The Vancouver Fringe Festival is an annual event showcasing the best and brightest talent in local, independent and contemporary theatre, featuring a massive lineup of plays ranging from physical comedies to serious dramas to experimental works–all taking place over a frenetic two week period. I had the opportunity to attend a performance of How to Adult: The Musical, a hilarious theatrical joyride that managed to balance extremely witty satire, which was especially cunning in its critical accuracy of the lifestyle tropes of young people living in Vancouver. It also bent the standards of the musical theatre genre through the utilization of an efficient narrative storytelling that never once felt stale or overly conventional.

How to Adult told the story of three twenty-something year-old women, Holly, Imogen and Rosie, living together in an apartment, each stuck at a different crossroads in their young lives. Each of them carried a contrastingly different personality, with Holly being introduced in sharp business clothes having just lost her job, conversing with boisterous Rosie who had just gone through a separation from her latest boyfriend, and introverted Imogen, who, while this conversation took place between Holly and Rosie, simply sat on the couch, huddled in a blanket, watching Netflix on her laptop, paying no mind to the drama playing out in front of her.

The three women deliberated on their respective struggles with adult life; Holly overexerts herself by being too career-minded and needs a job that will allow her to calm down, Rosie carried anxieties about being single and alone, while Imogen struggled with social anxieties and therefore felt disconnected from her community. The roommates decide to create a list to “adult the fuck up” (as they poignantly sing in a song of the same title), specifically counteracting their respective problems.

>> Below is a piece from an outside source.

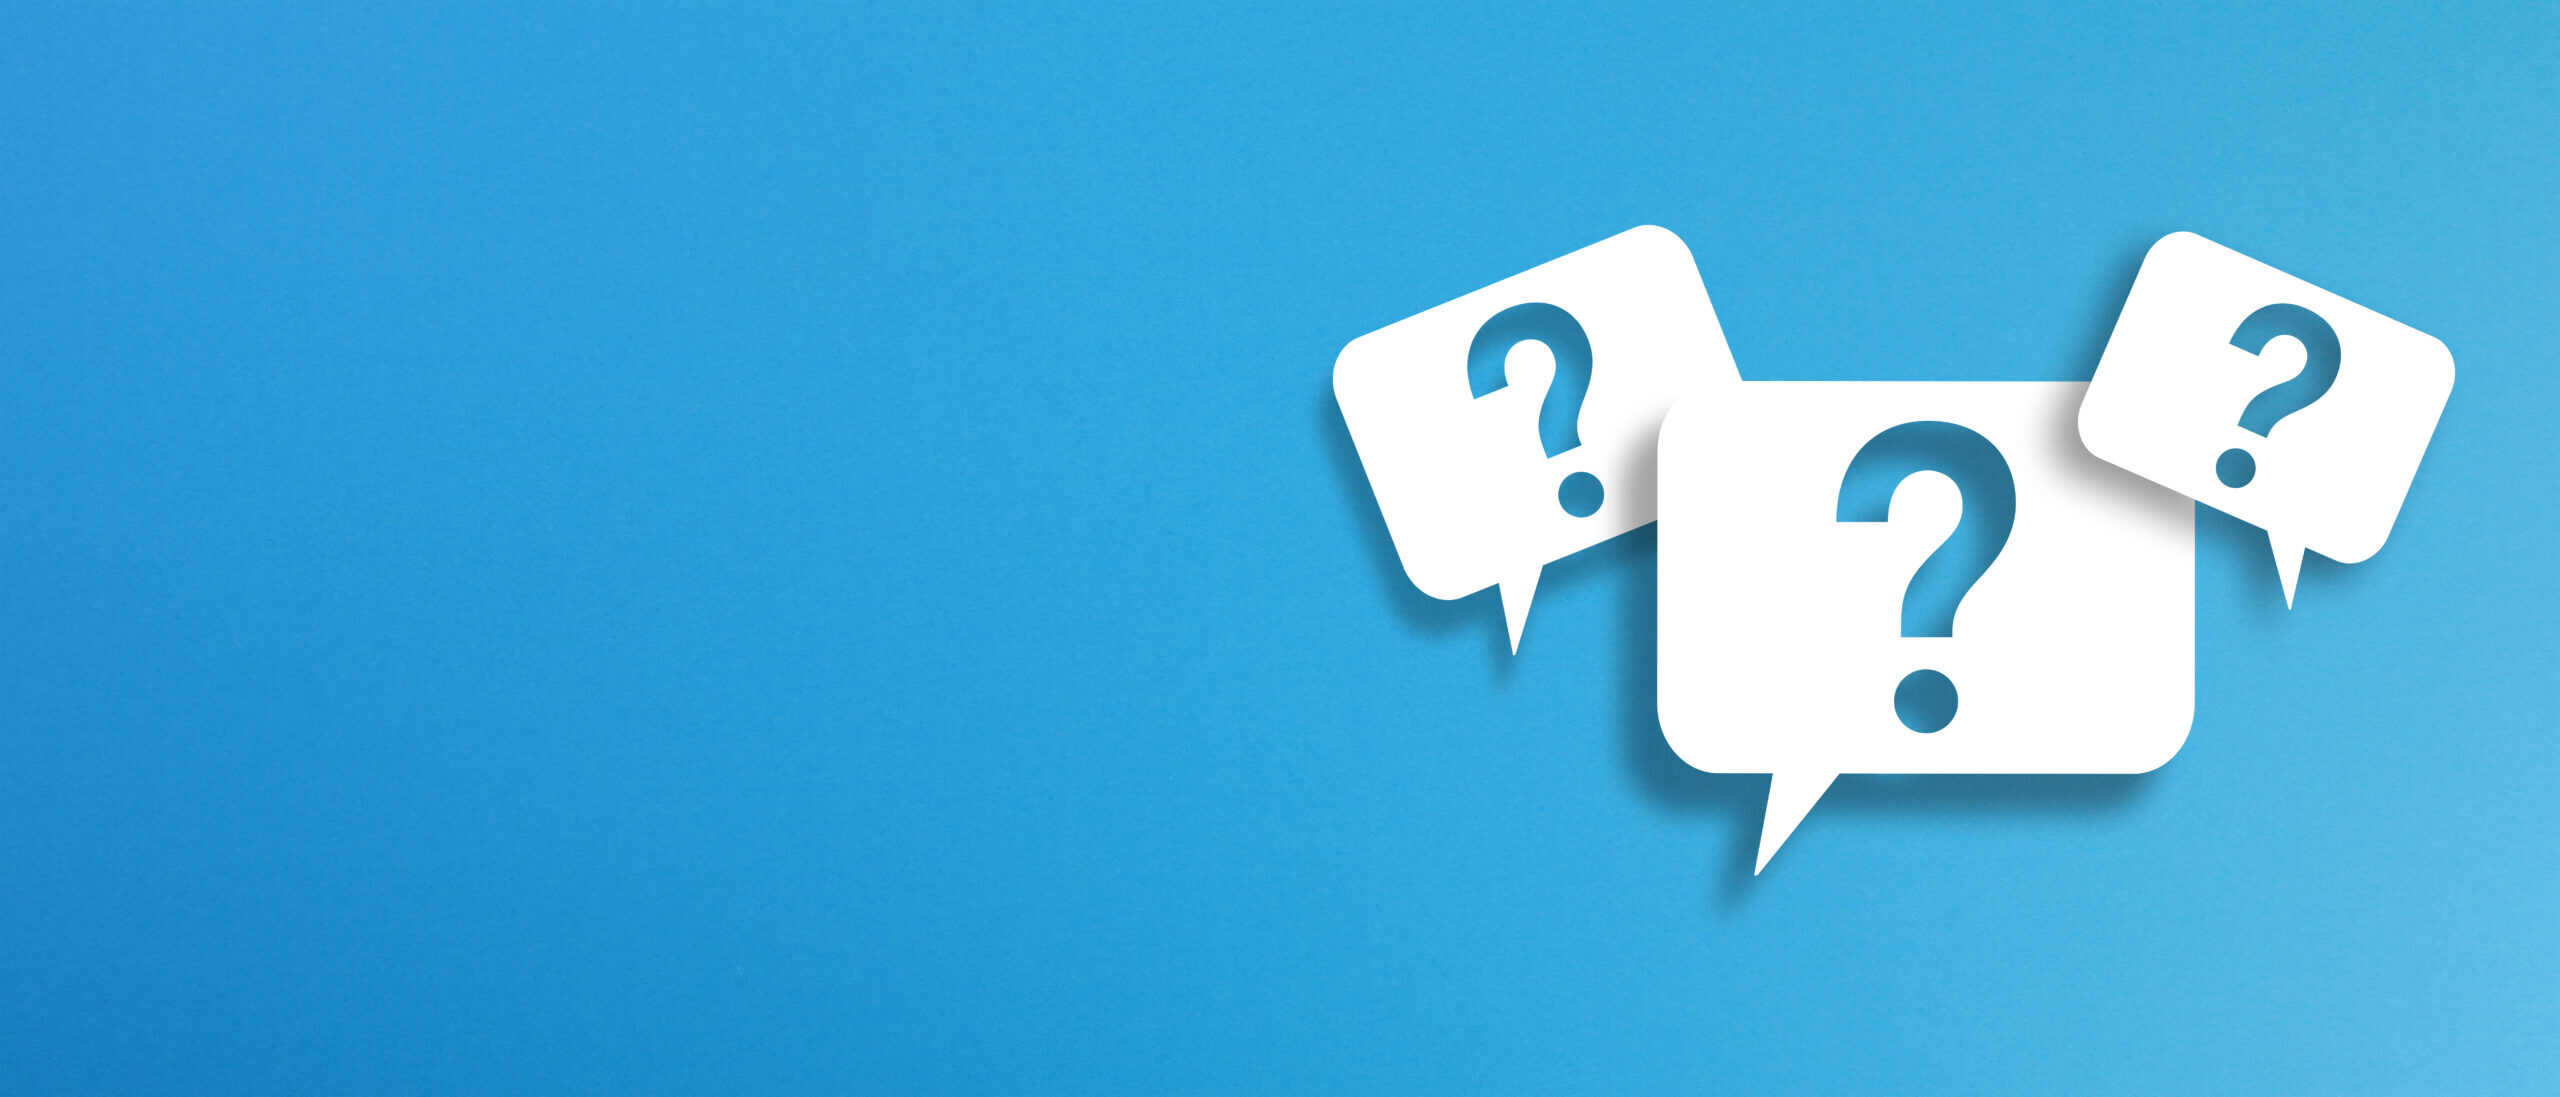 Question marks with speech bubbles on blue background

The songs written for this piece, all of which very well performed by the actors, were at once hilarious and pugnaciously accurate in their anecdotal portrayal of each of the characters’ problems. The songs served to create intervals in the piece from which the issues that the characters encountered could be summarized and dealt with in a systematic way, thus breaking up the narrative in a pleasingly entertaining fashion.

Following from the creation of the aforementioned “adult the fuck up” list, the drama built up as Rosie met Graham, a top-knotted, sleeveless hoody-wearing, cuffed jeans-adorning, tattooed barista with a strange obsession for Betta fish and a penchant for bragging about traveling to exotic and trendy destinations. This genius bit of prototypical Vancouverite-hipster typecasting matches in with the director’s illustration of each character as a clearly identifiable Vancouver personality. From the perennially yoga-clothed, latte-sipping Rosie, to the career-oriented downtown office-dwelling Holly to the Netflix-obsessed shut-in Imogen, each character embodied a clearly identifiable stereotype within Vancouver culture amongst various factions of young people.

The plot gathered even more steam as the audience discovered that Graham also happened to be Imogen’s brother and Holly’s ex-boyfriend. Rosie developed a crush on Graham, and some easily foreseeable romantic love-triangle/sibling-rivalry drama ensued. The piece concluded with a feel-good ending, wherein each character discovered that they don’t need a list to learn how to be adults, they simply had to be themselves and let life happen as they do the things they love to do.

Though this ending was of course an extremely stereotypical one within narrative storytelling, this is precisely what made How to Adult so interesting. The writer, Dauer, and the director, Eleanor Felton, playfully manipulated the conventions of the genre while keeping its basic structure intact, inserting cleverly unconventional character scripting, foul-mouthed ranting songs and bitingly accurate portrayals of life as a city-dwelling young person, all the while playfully poking fun at the ways in which young people choose to identify themselves in a very Vancouver-centric way. The concoction of the old and the new, the stereotypical and the unconventional, made How to Adult: The Musical a refreshing and thoroughly enjoyable experience.